DATA PROVIDED Block Start

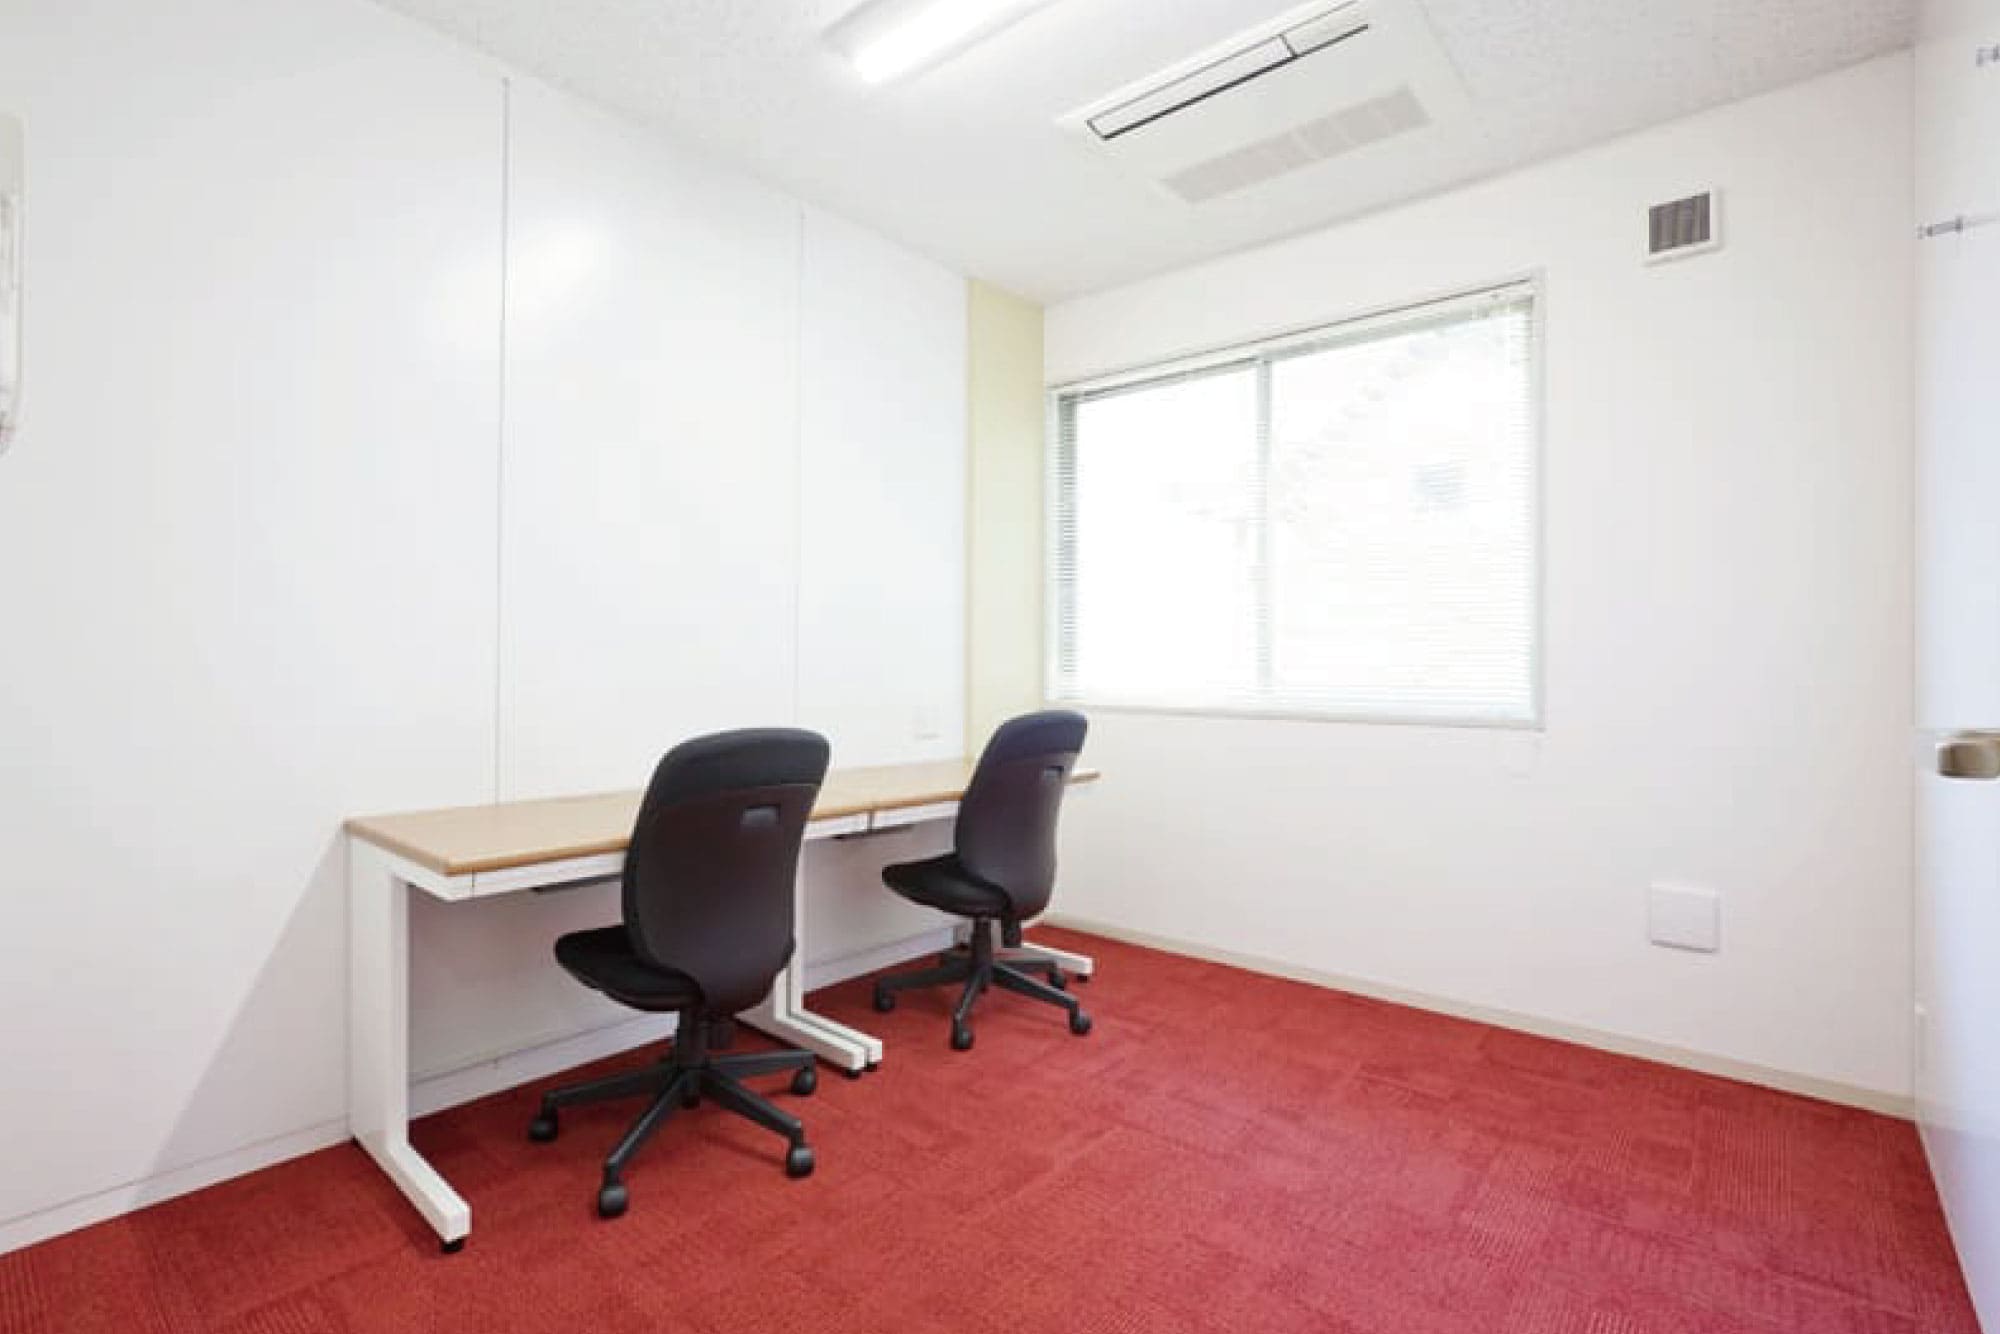 Office space for 3 to 5 person with window - TENSHO OFFICE Ikebukuro Nishiguchi
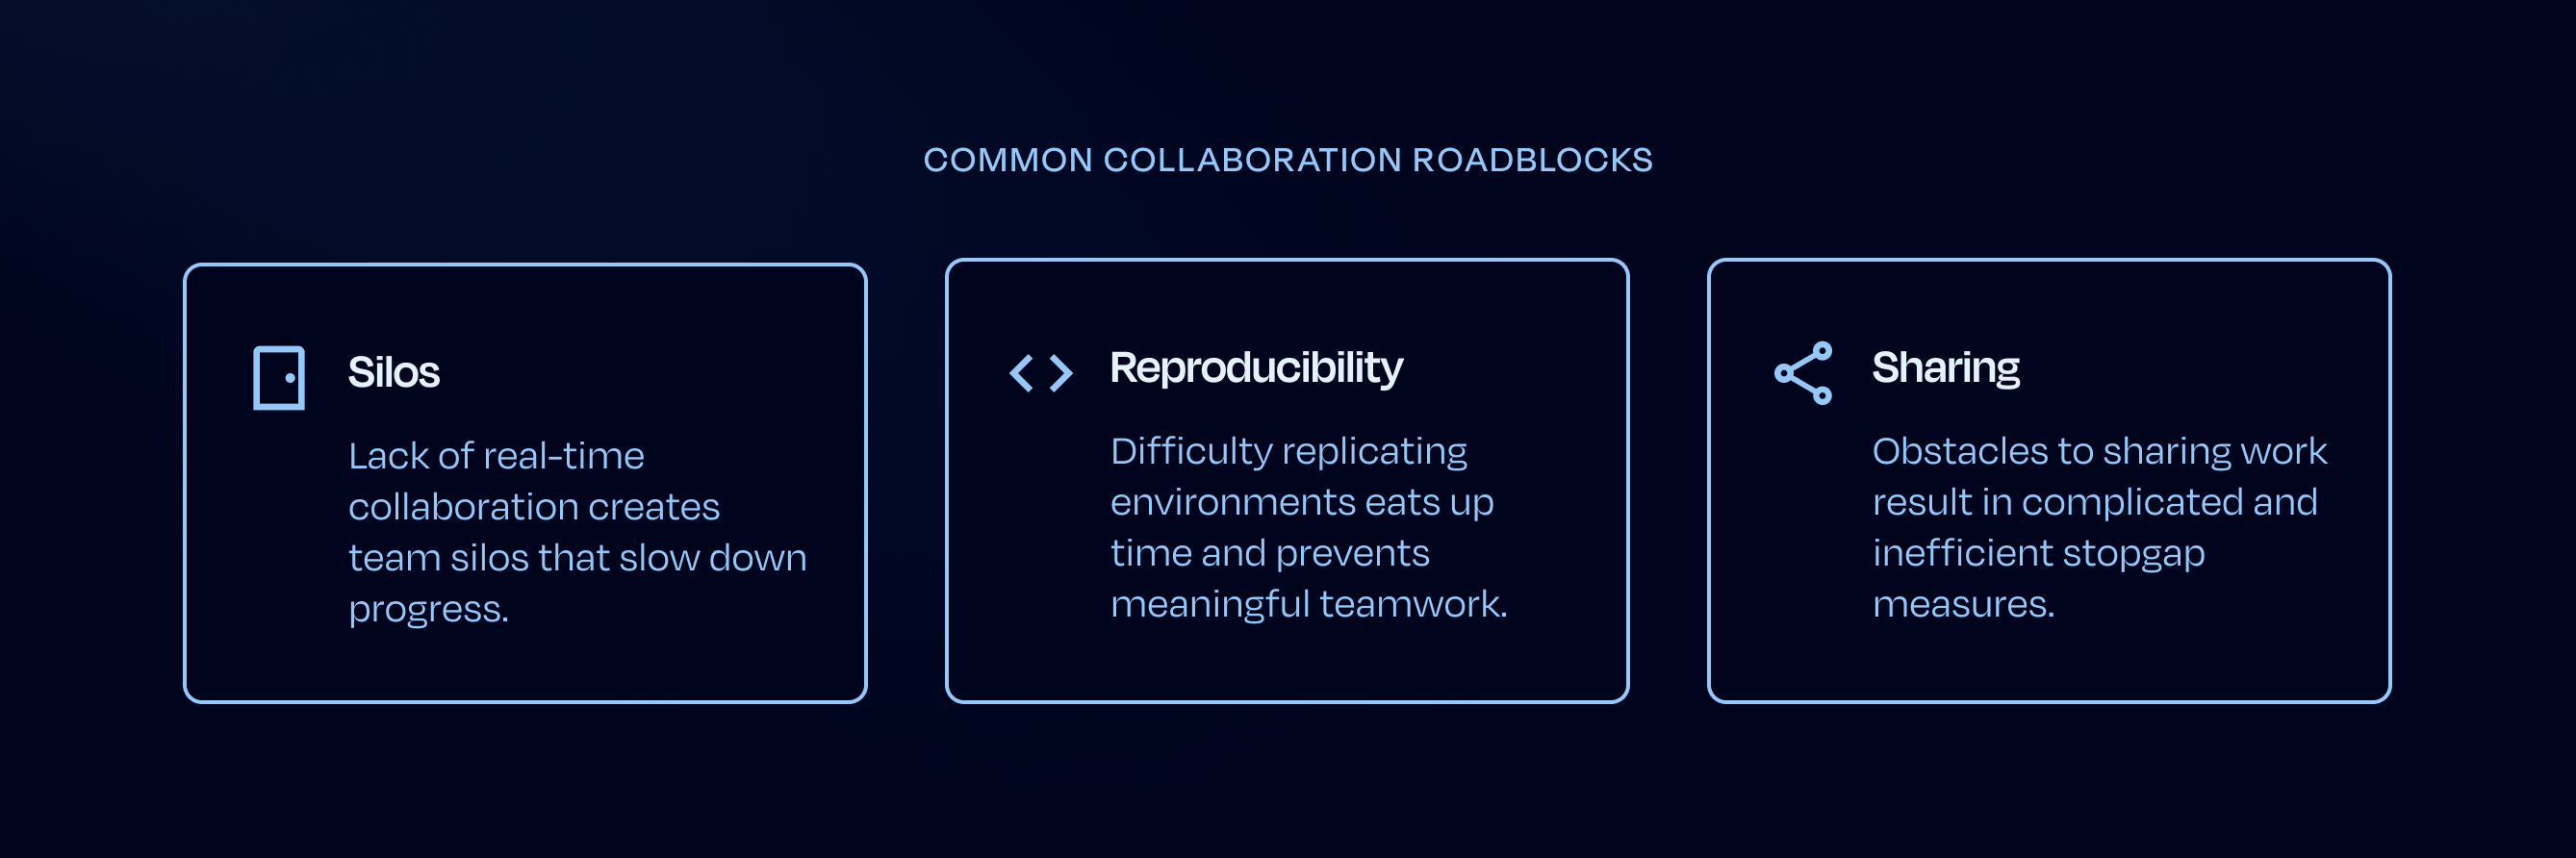 common-collaboration-roadblocks.png
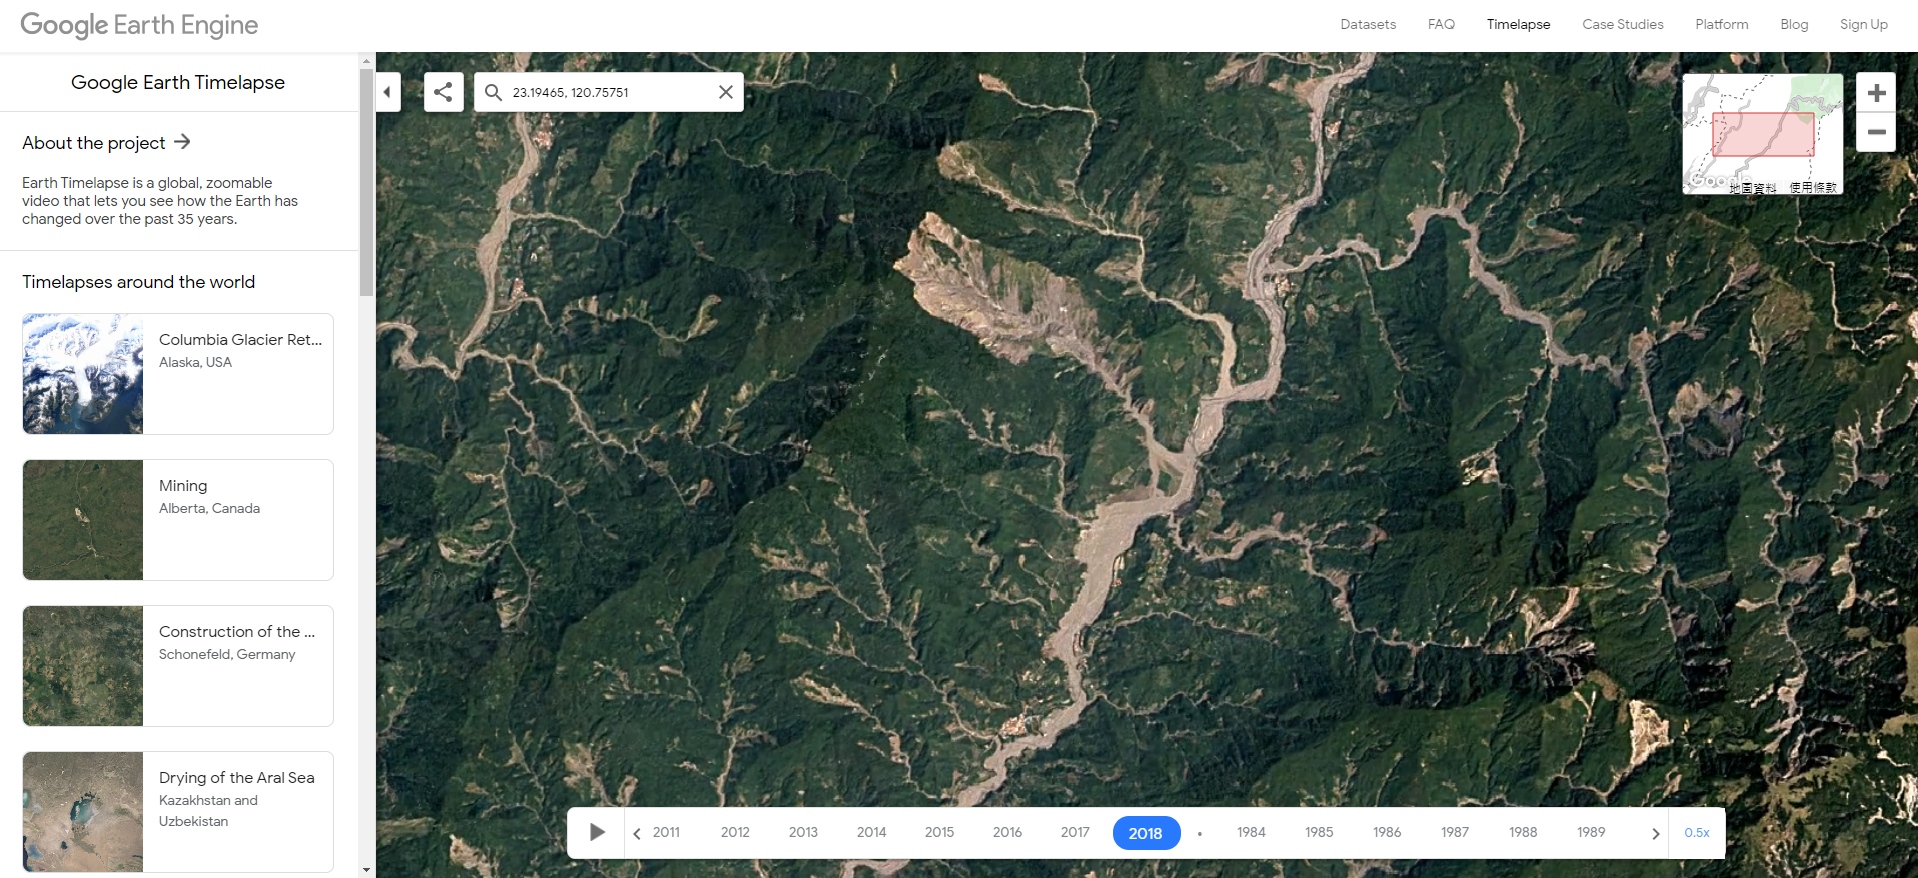 圖二、Google Earth Engine Timelapse布唐布納斯溪於2009年莫拉克颱風發生大規模崩塌 (資料來源: https://earthengine.google.com/timelapse)

DATA PROVIDED Block End

ASSIGNMENT: Reproduce the data above without a single change, please, but without its pictures.

RESPONSE AREA:
 Office space for 3 to 5 person with window - TENSHO OFFICE Ikebukuro Nishiguchi
 common-collaboration-roadblocks.png
 圖二、Google Earth Engine Timelapse布唐布納斯溪於2009年莫拉克颱風發生大規模崩塌 (資料來源: https://earthengine.google.com/timelapse)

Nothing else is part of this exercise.